**DATA PROVIDED**.
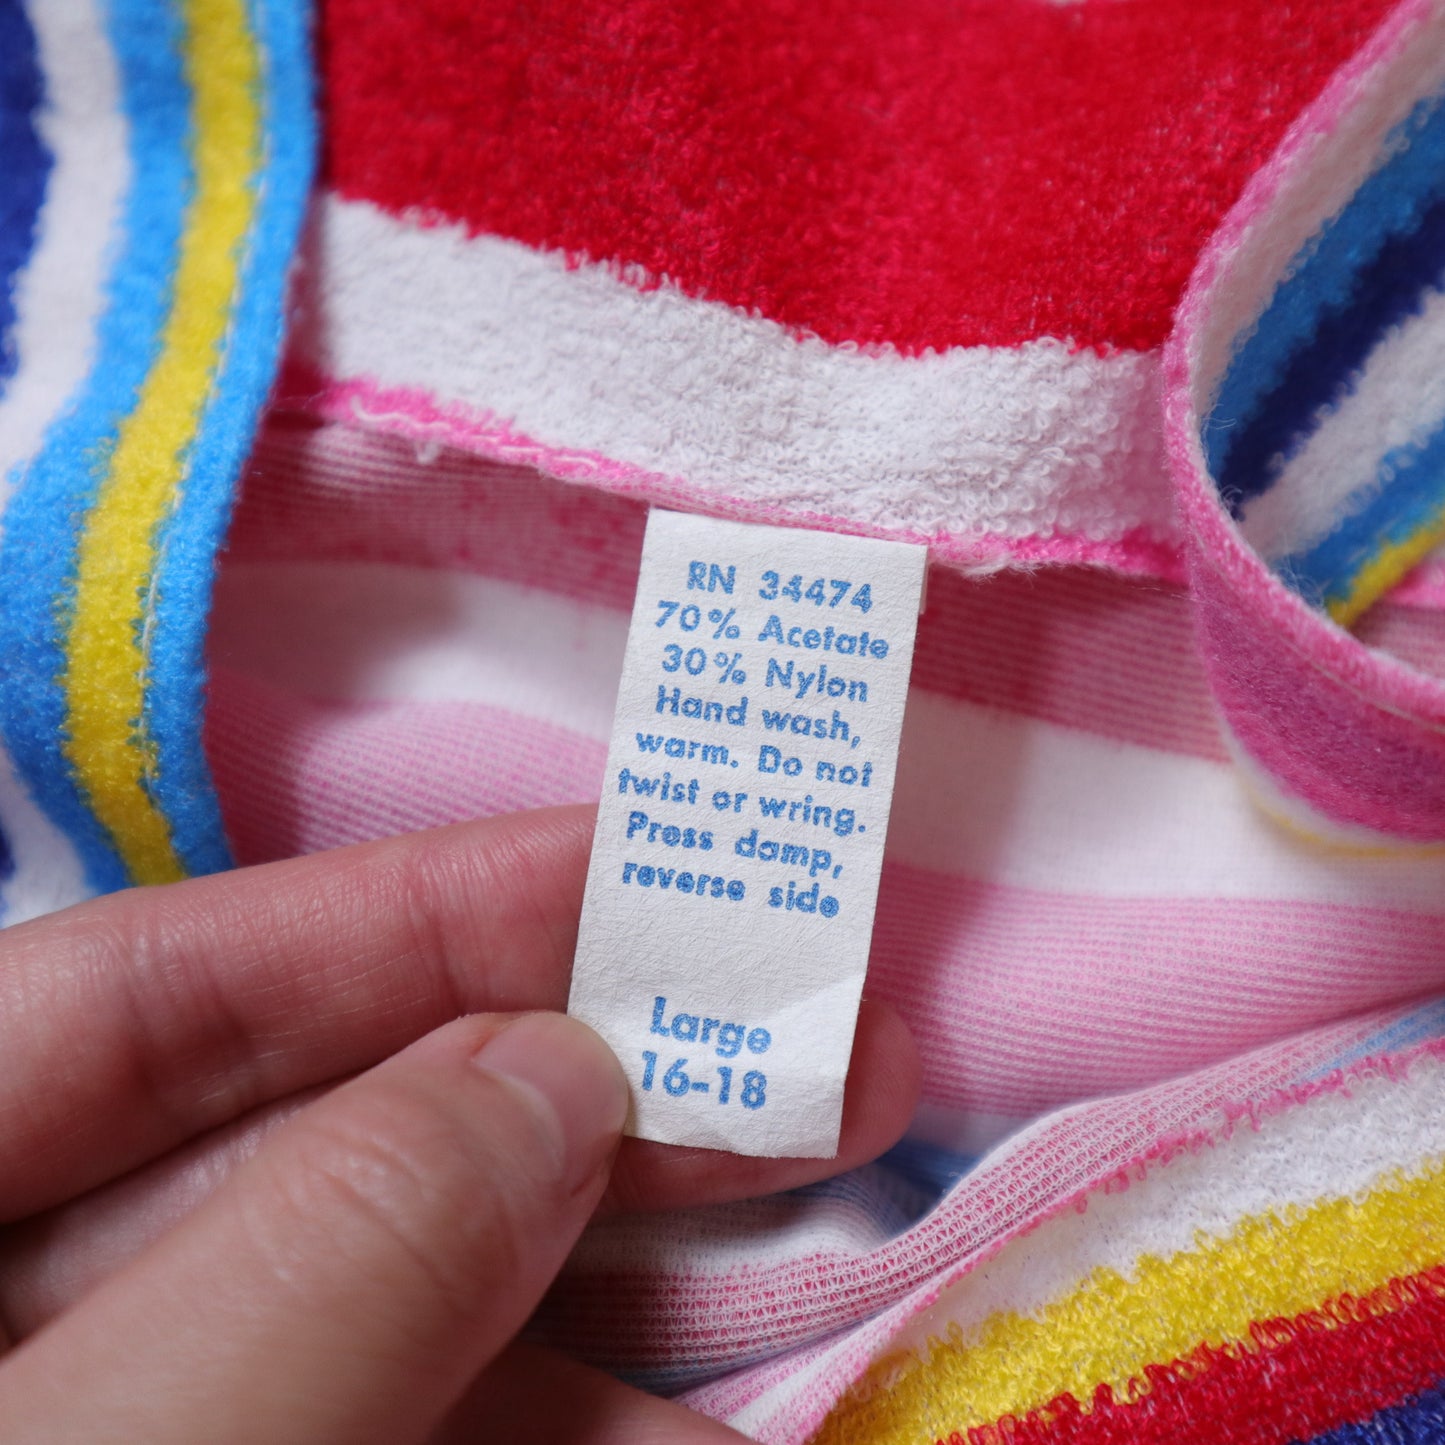 70-80s 彩色條紋毛巾布背心洋裝
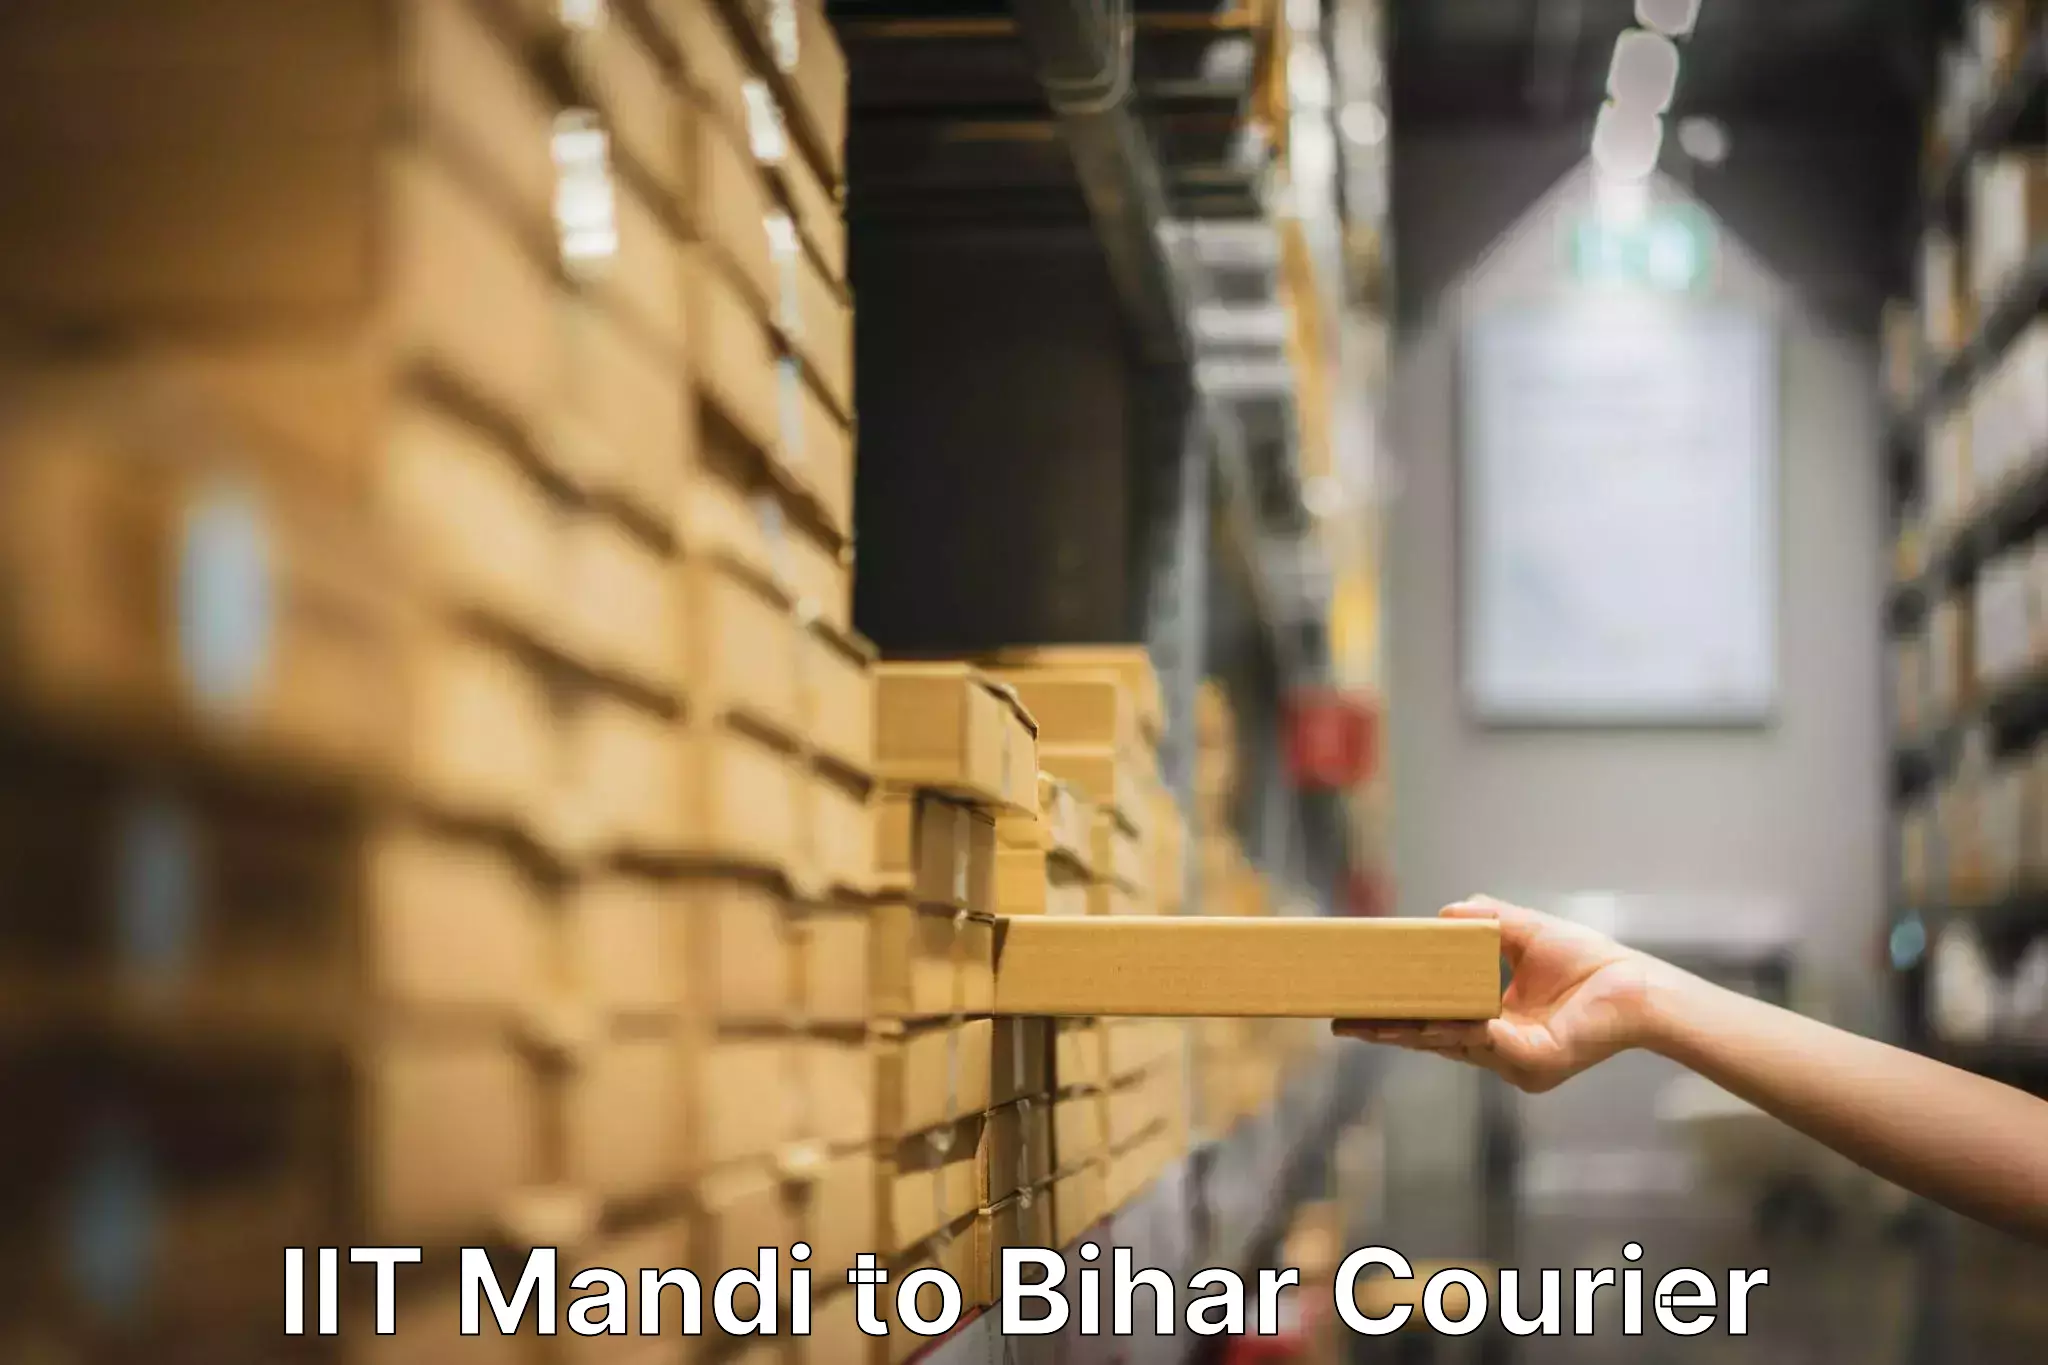 Furniture transport company IIT Mandi to Manjhaul
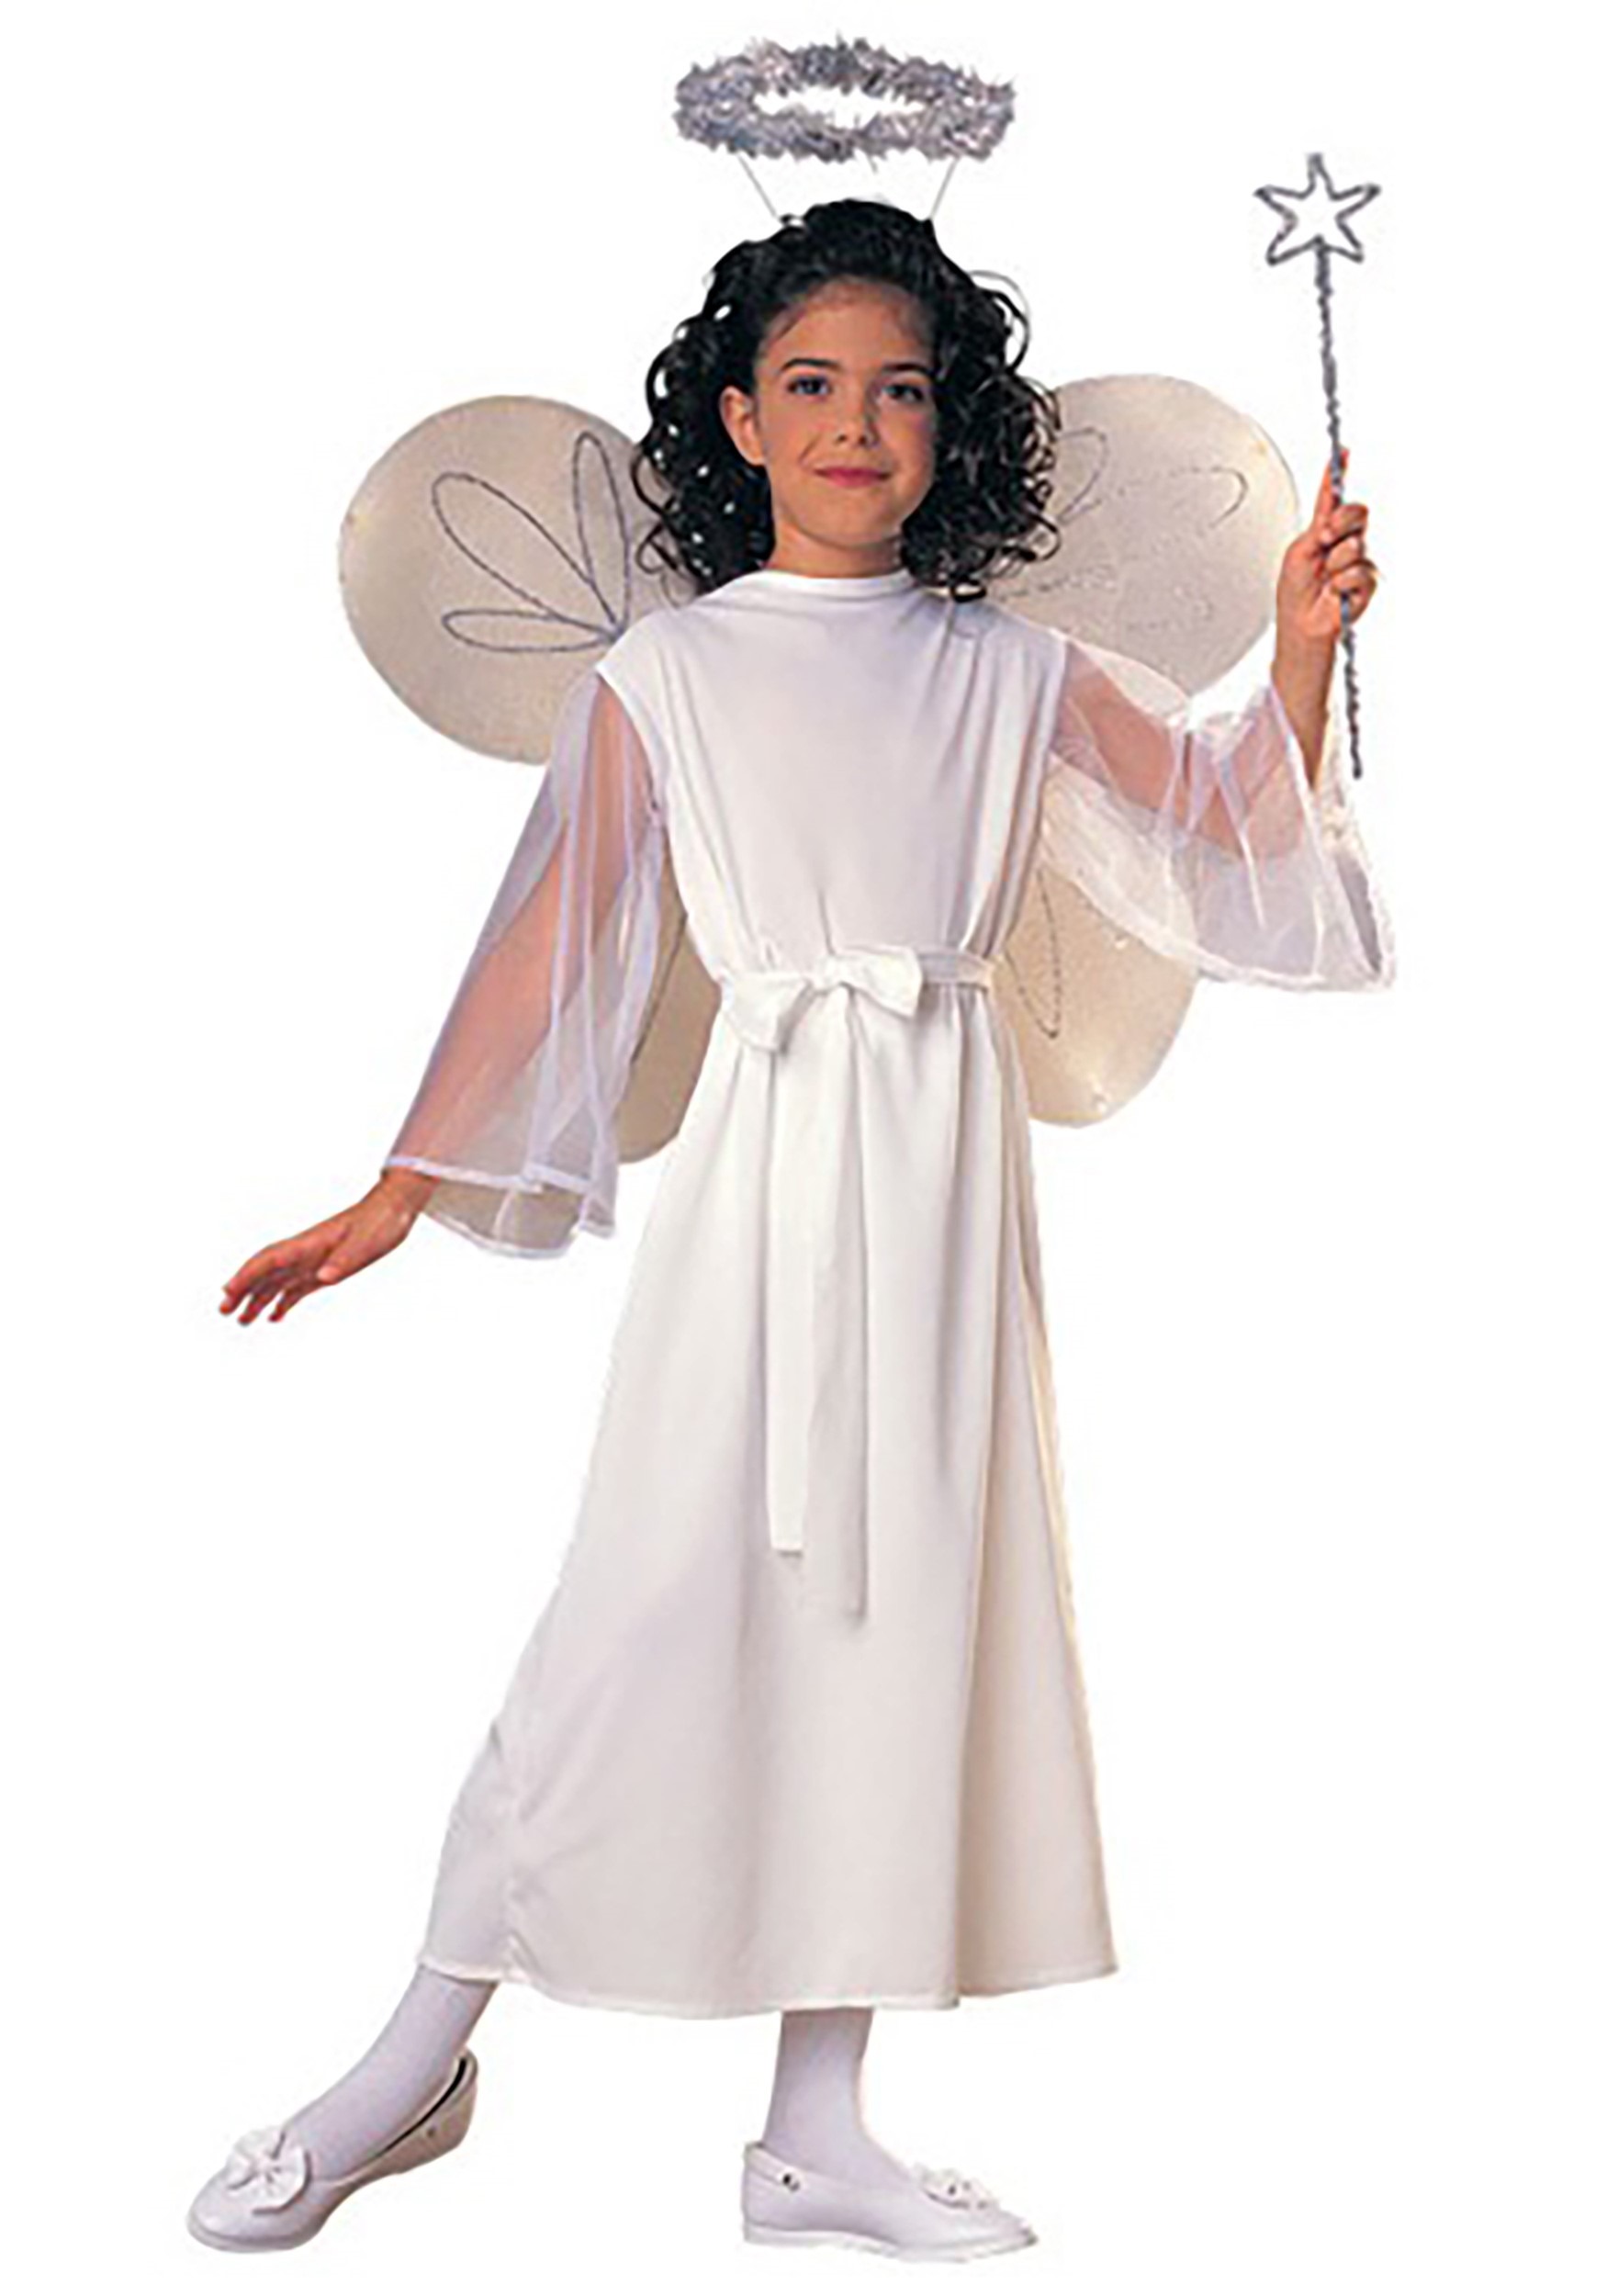 Angel Costume for Girls

**THE PROBLEM**. Give back the whole listing exactly as written. Do not include any picture.

**ANSWER**.
 70-80s 彩色條紋毛巾布背心洋裝
 Furniture transport company IIT Mandi to Manjhaul
 Angel Costume for Girls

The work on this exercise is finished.